Lecture 5: SMT: Foundations

Week 5 | Apr 27 – May 3

Real verification problems span multiple theories at once: a heap routine touches arrays, integer indices, and uninterpreted helpers all in one formula. Today we make cooperation precise. First-order logic gives the language for what theory solvers know; Nelson-Oppen gives the protocol they use to talk. Practice motivates with three escalating demos, Theory makes the protocol formal and works through both the convex and non-convex cases, and Studio is hands-on practice on the FOL evaluator and small mixed-theory queries.

What We Cover

Practice opens with two implementations of in-place swap on an array, equivalent on plain variables but with a real bug when indices alias. Two theories cooperated to find it: array reasoning to compare the final arrays, integer reasoning to produce the aliasing witness. Then a small formula sharpens the point: each side satisfiable on its own, the combination unsatisfiable, with a hidden disjunction sitting between them. The third demo runs through Bradley and Manna's worked example live, three notes passing back and forth between the linear-real reasoner and the equality reasoner, each verified by Z3 acting as oracle on the side.
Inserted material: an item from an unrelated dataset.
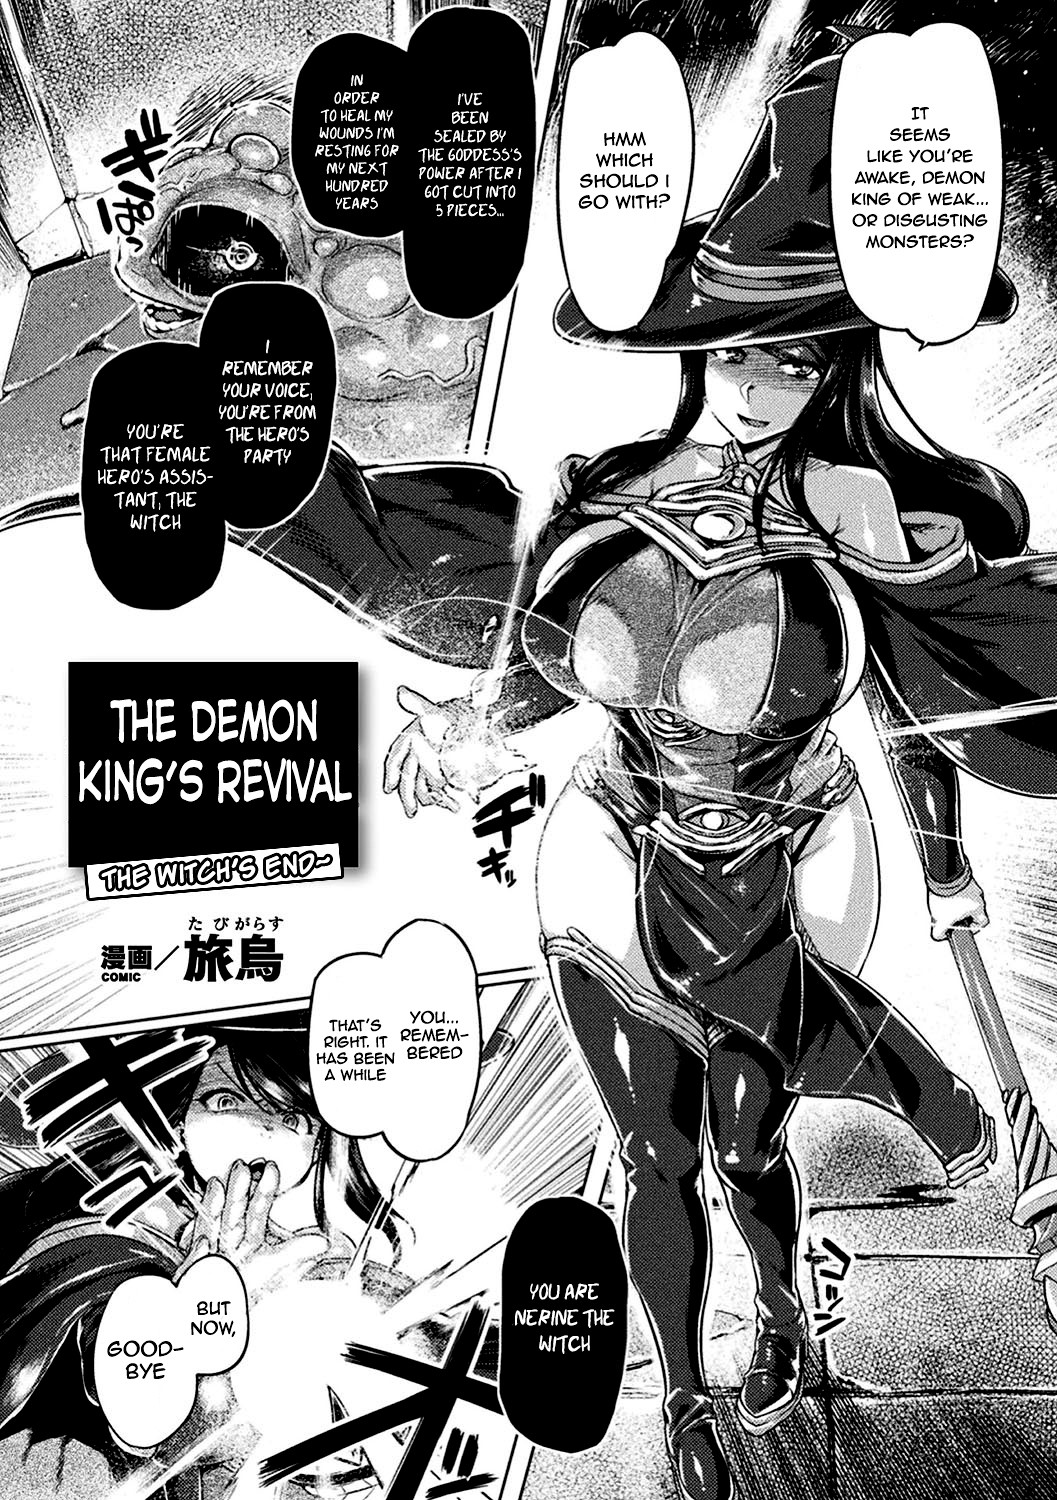 Hentai Manga Comic-The Demon King's Revival ~ Or the Witch's End-Read-2

Theory opens the protocol. First-order logic gives us structures and the precise theory-solver contract that L03 hand-waved. Nelson-Oppen needs three restrictions on the theories it combines, and the third one (stably infinite) is honestly metagame: a fix to a hole in the original 1979 paper. Purification is structurally identical to Tseitin from Week 1, just with cross-theory subterms instead of subformulas. Equality propagation is the loop that closes the cooperation. Convex theories propagate single equalities and are clean; non-convex theories like the integers force a case split, which is exactly what Practice's middle formula needed. Theory closes by paying off the worked example and naming what is left for L06.
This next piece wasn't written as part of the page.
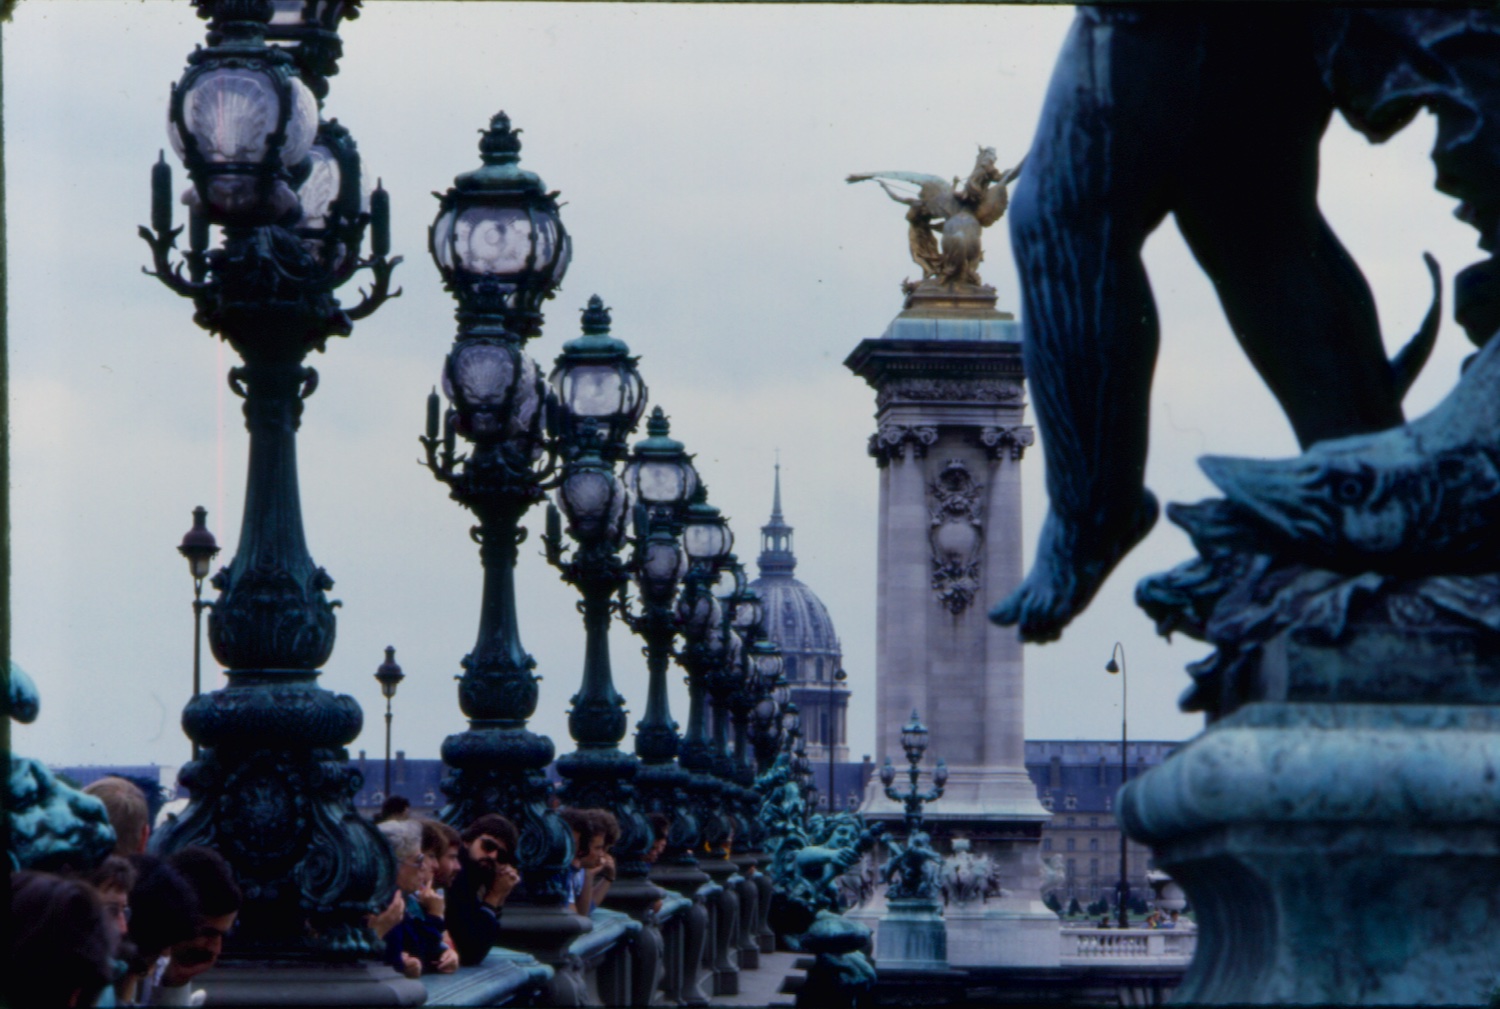 paris scene from the film A View to a Kill

Studio is the only practice studio of the SMT block (next week's Studio is the R3 reading discussion). Type the FOL evaluator from Theory's worked example, predict SAT or UNSAT on three mixed-theory Z3 queries, then construct your own cooperation-gap formula from scratch, with a midway class-wide sync to surface the question on top of your stack. Stretch: foreshadow L06 with a small ForAll axiom and a negated-instance check.